Thursday, January 29, 2009
California Supreme Court Agrees to Hear CSU Whistleblower Lawsuit
By a MetNews Staff Writer
The California Supreme Court yesterday agreed to decide whether a California State University employee must seek writ review of an adverse employment decision prior to filing a whistleblower suit.
By a vote of 6-0, with Chief Justice Ronald M. George absent and not participating, the justices voted at yesterday’s conference to review the Oct. 30 ruling of this district’s Court of Appeal, Div. One, in Runyon v. Board of Trustees of California State University, B195213.
The plaintiff, Dr. L. Richard Runyon, claims he was terminated from the chairmanship of the Finance, Real Estate and Law Department of the College of Business Administration at CSU Long Beach—a post he held from 1991 to 2004—in retaliation for his numerous complaints of alleged mismanagement by the college’s dean, Luis Ma Calingo.
Calingo said he lost confidence in Runyon as a result of the chairman’s failure to conduct an adequate review of the department’s curriculum. Runyon filed an administrative complaint of retaliation, but the university determined that there was no relationship between Runyon’s complaints and his termination.
He then filed suit under a whistleblower retaliation statute that applies specifically to CSU employees, Government Code Sec. 8547.12. The statute permits employees to seek damages following administrative review of their internal whistleblower complaints.
Los Angeles Superior Court Judge Jane L. Johnson granted the university’s motion for summary judgment, concluding that the damage action authorized by the statute was precluded if the university conducted an investigation in good faith and rendered a timely decision adverse to the employee, unless that decision was overturned by writ of administrative mandate.
Retired Justice J. Gary Hastings, who authored an unpublished opinion while sitting on assignment in Div. One, said the trial judge was correct. In doing so, he rejected the contention that a provision in the statute allowing an employee to sue without exhausting administrative remedies if an administrative complaint has not been “satisfactorily addressed” within 18 months applied.
Hastings concluded that a complaint is satisfactorily addressed if a decision is rendered within the 18-month period. There is no requirement, he said, that the university offer a particular level of due process, as Runyon contended.
The justice cited Miklosy v.

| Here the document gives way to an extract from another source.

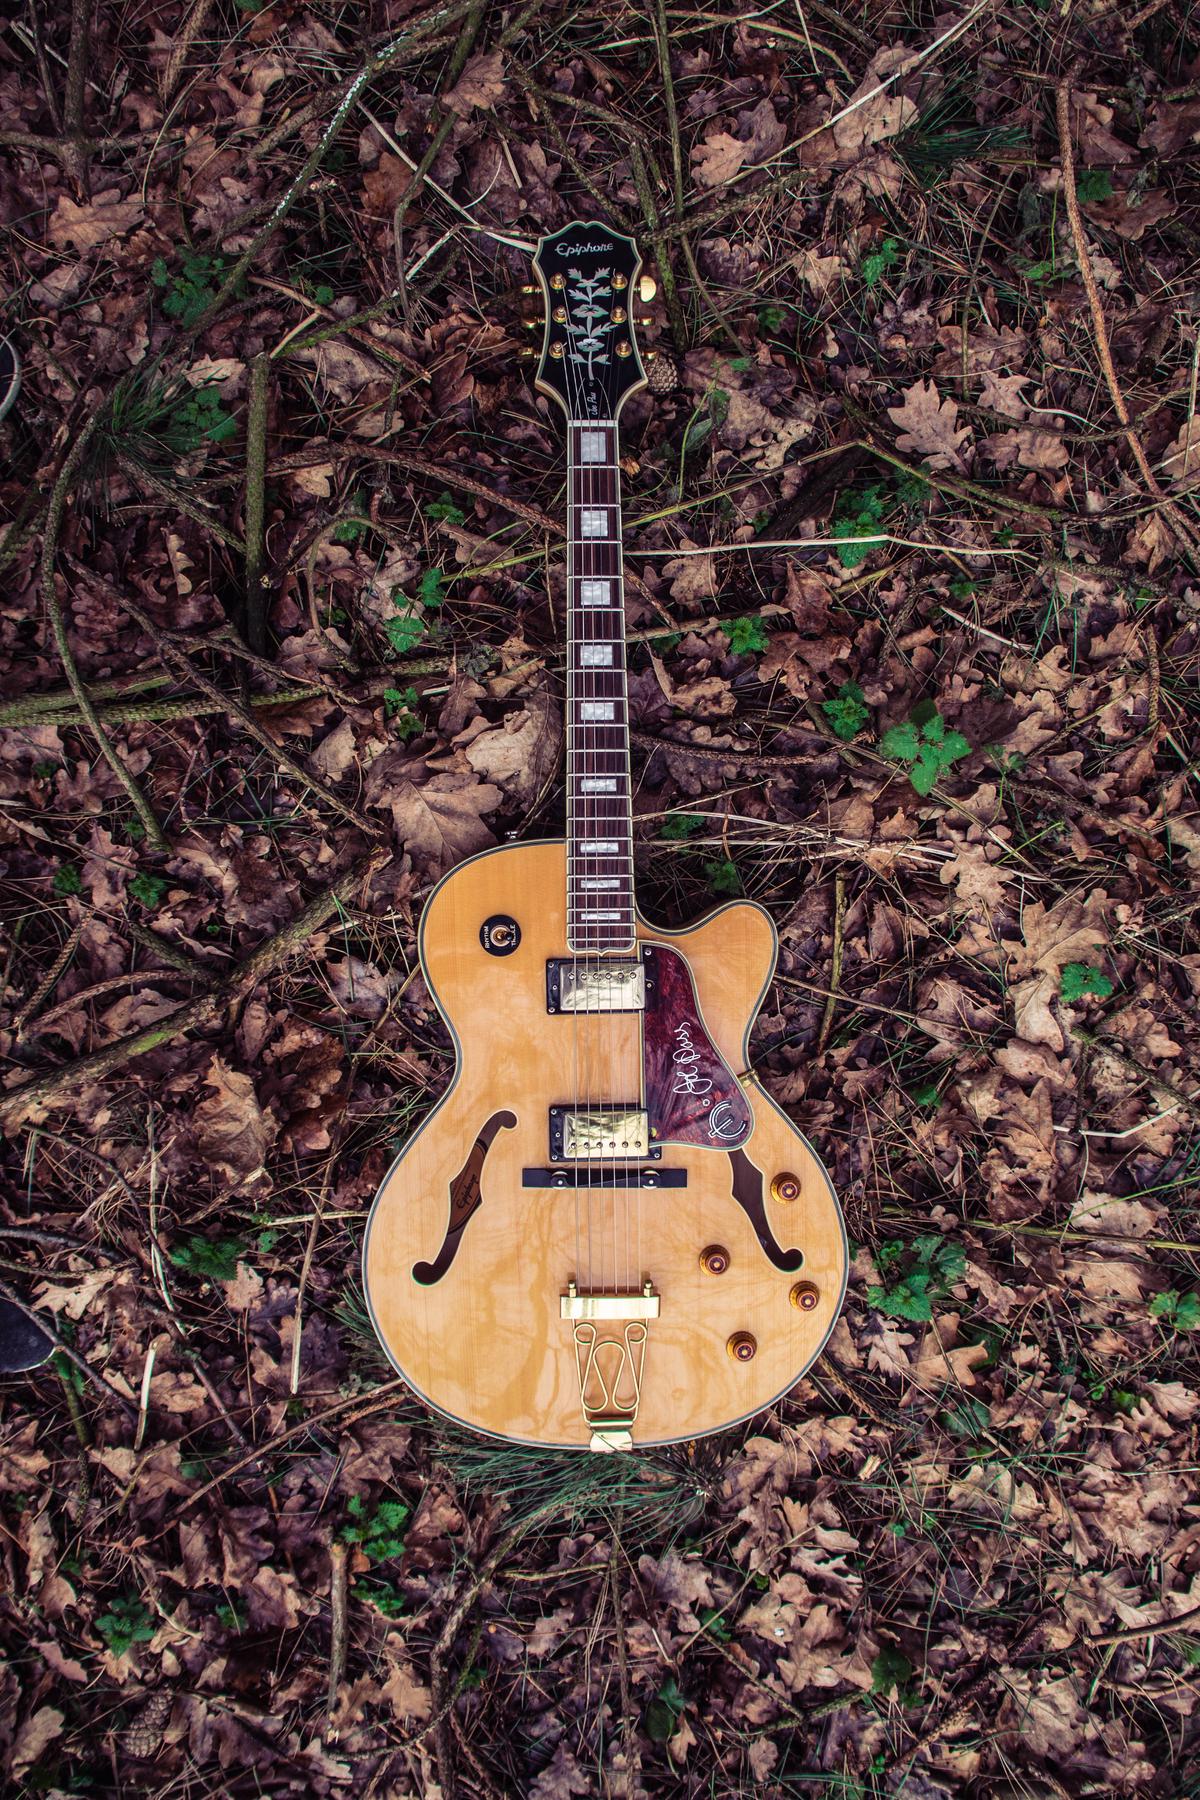 A vintage Gibson guitar resting on a guitar stand, showcasing its timeless beauty and craftsmanship.

Regents of the University of California, (2008) 44 Cal.4th 876, in which the court held that employees who obtained a timely administrative decision on their retaliation complaint against the University of California could not sue under a similar provision of the whistleblower statute.
In other conference action, the justices:
•Denied requests for publication of a Nov. 12 decision of the First District’s Div. Three upholding a $403,548 attorney fee award against Apple Inc. CEO Steve Jobs and the Town of Woodside. The fees were awarded under the private attorney general statute after the preservation group Uphold Our Heritage successfully challenged the San Mateo County town’s decision allowing Jobs to demolish an historic 17,000-foot mansion to build a smaller residence.
•Asked the State Bar Court for a recommendation as to whether former Orange Superior Court Judge Kelly MacEachern should be allowed to resume practicing law. MacEachern was ousted from the bench by the Commission on Judicial Performance last June.
The CJP said the onetime prosecutor engaged in willful misconduct by claiming reimbursement for attending judicial education classes that she did not, and was not authorized to, take.
•Agreed to answer a certified question from the Ninth U.S. Circuit Court of Appeals as to whether the broadband telephone company Vonage’s alleged sending of unsolicited e-mails from multiple domain names in order to bypass spam filters violated the ban on falsified, misrepresented, or forged header information in the anti-spam law, Business and Professions Code Sec. 17529.5.
The Ninth Circuit said the answer may be dispositive of the plaintiff’s appeal in Kleffman v. Vonage Holdings Corp., 07-56171. U.S. District Judge Gary A. Feess of the Central District of California dismissed the putative class action complaint for failure to state a cause of action.